Who cares about ILAsm or x86 assembly language anyway?

I'm sure a lot of you are wondering why anyone would care about learning ILAsm.  It's not like you ever see it unless you disassemble an application.  ILasm or MSIL is the human readable translation of Microsoft .NET intermediate language.  ILAsm is a lot like classic assembly language.  It is a low level programming language that allows you to write programs one instruction at a time with a very minimal syntax.  I've explained the benefits of learning assembly language in my previous post, Why Learn Assembly Language.  In a nutshell, if you learn .NET at the low level of IL, you will have an understanding of what makes any .NET language tick.  You will have the knowledge to disassemble any .NET binary and debug your software at the instruction level.  

This post is my first tutorial on writing code in ILAsm.  I hope you'll join me and become proficient in this language of kings.  You will have an edge over the competition and it will change the way you look at high level coding.  Enough talking, let us code!

How to compile ILasm

If you are a .NET developer, you most likely have an ILasm compiler on your computer which by the way is appropriately named ILasm.exe.  Simply launch the Visual Studio Command Prompt, navigate to the folder that you create your IL files and issue the following command.

ilasm.exe is fine if you like to write code in notepad and drop out to a command prompt to write your code.  I myself prefer an IDE.  Visual Studio is an amazing IDE but for some reason the people over at Microsoft didn't see it fit to add support for ILasm into the product.  Never fear!  There is a free, open source alternative that is nearly identical to Visual Studio and it allows you to create and compile IL projects with syntax highlighting that works on Linux, Windows, and Mac OSX!  What is this application you ask?

MonoDevelop  

"Hello... World?"

I know, I know, it's a tired, worn out cliche but far be it from me to interrupt the order of the programming gods and illustrate a programming language without starting with the infamous "Hello World!" example.

//import the mscorlib assembly to give us access to Console and other basic classes
.assembly extern mscorlib{}

//define our assembly
.assembly HelloAssembly
{
    //define the version of this assembly
    .ver 1:0:0:0
}

//define the executable module
.module helloworld.exe

//defin our main method
.method static void main() cil managed
{
    //set up the stack.  In ILAsm, all values are placed on the stack and then manipulated.
    //here we will allocate memory for one value to be on the stack at a given time
    .maxstack 1

    //define the main entry point to the application
    .entrypoint

    //load the emphamis phrase on the stack
    ldstr "Hello ILAsm!"
    
    //print the string from the stack to the console
    call void [mscorlib]System.Console::WriteLine(string)

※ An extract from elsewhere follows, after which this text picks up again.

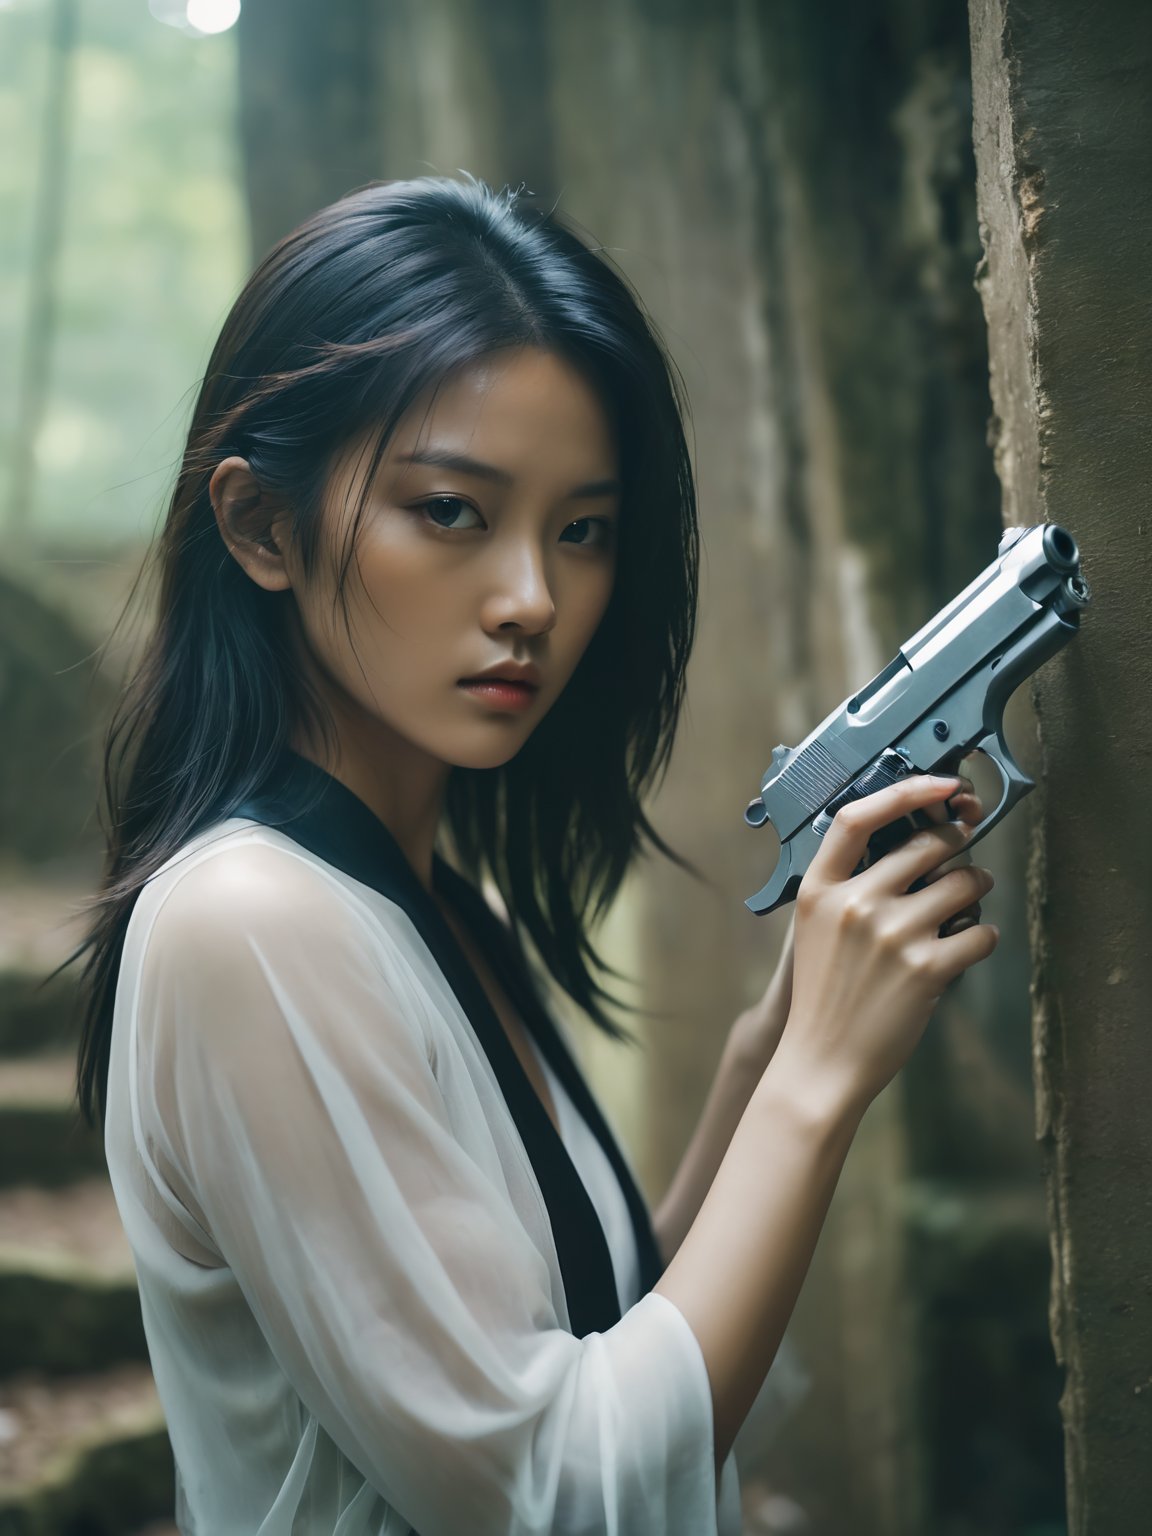 Holding a Handgun,subterranean crystal palace,endangered species,contemplative atmosphere,mysterious mood,Beast,Monster,headshot,Slashing with talons,windswept hair sexy asian young woman,film grain texture,analog photography aesthetic,visual storytelling,dynamic composition,looking at viewer,eye contact,
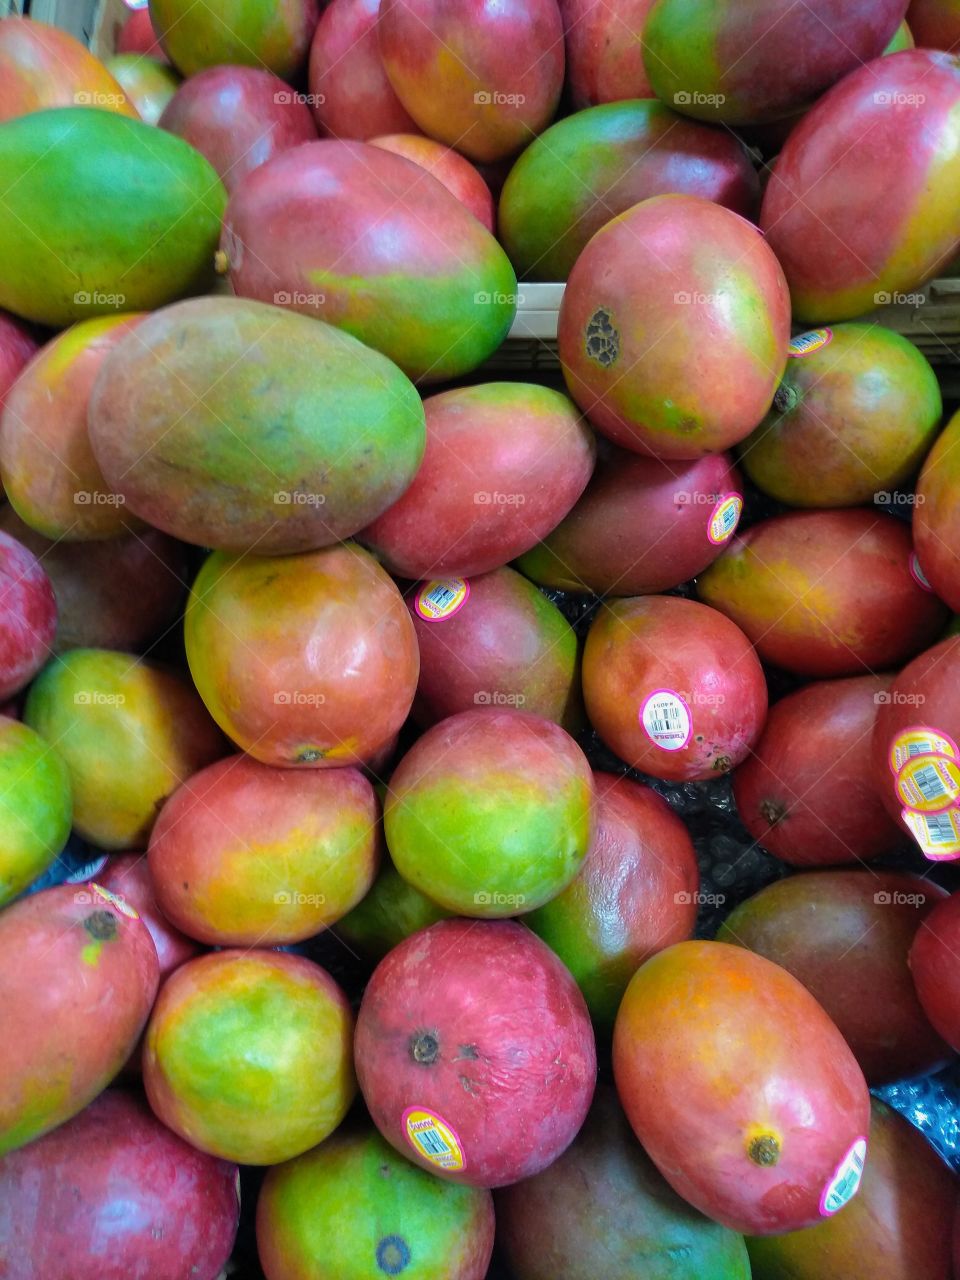 look at all that fruit -mangos

   //return to end the program
   ret

}

If you have never seen asm or ILasm, I can imagine how strange this code snippet may look.  As I've stated before, ILasm is a very cryptic, low level language.  Let's breakdown the application.

We start by importing the mscorlib library which contains much of the base .NET classes.  As the comments state, this library gives us access to the System.Console object.  

Next, we define the assembly for our program.  All .NET executables are called assemblies.  Here we name our assembly as well as set a version number.  After we define our assembly, we define the executable module.  This is required in any ILasm application.  

Now it's time to define our main method that performs the loading and printing of the string.  We start by defining the maxstack, that is, the maximum number of values that can be held in memory at a given time.  In ILAsm, you push values on the stack, perform operations on the values or use them as parameters to methods.  Since we have a maxstack of one, that means we can have only one piece of data to work with at any given time.  We use ldstr to load a string onto the stack.  If we were to load another string on the stack directly after the first ldstr call, the application will simply push the first value out of memory and the new string will be available to access.

Finally, we call the WriteLine method on the System.Console object and we tell it to use the current string on the stack as it's input source.

 

So now you can load a string onto the stack and display it.  It's pretty interesting, although very limited as well.  How about we work with more than one value?  Let's try adding two numbers!

Sum it up

//reference to mscorlib
.assembly extern mscorlib {}

//define our assembly
.assembly MiniCalculator
{
//the assembly version number
    .ver 1:0:0:0
}

//create the required module
.module MiniCalculator.exe

//define our main method
.method static void main() cil managed
{
    //we plan to work with two integers this time
    .maxstack 2

    //the main entry point to our application 
    .entrypoint
    
    //load a string of instructions on the stack
    ldstr "OK.  Class is in session.  Who can tell the class what is the sum of 2 + 2? That's right, the answer is  "
    
    //display the instructions to the user
    call void [mscorlib]System.Console::Write (string)
    
    //put the number 2 on the stack.  Currently the previously loaded string, and the 
    //number 2 are both on the stack.
    ldc.i4 2
    //when we move another integer to the stack, this pushes the string off
    //now we have two instances of the number 2 on the stack
    ldc.i4 2
    //add will add the two numbers on the stack and store the result     
    add
    //lets tell the computer to look for an int on the stack and print it to the console
    call void [mscorlib]System.Console::Write (int32)
    //return to exit the application
    ret
}

We start the application as before by importing mscorlib, defining our assembly and module, and creating the method to perform our work.  We then load a string on the stack and use Console's WriteLine method to display the string.  We then load two integers onto the stack, pushing the string off of the stack.  We call add whichs adds the two integers and stores the result on the stack.  We use Console's WriteLine once again to display the answer.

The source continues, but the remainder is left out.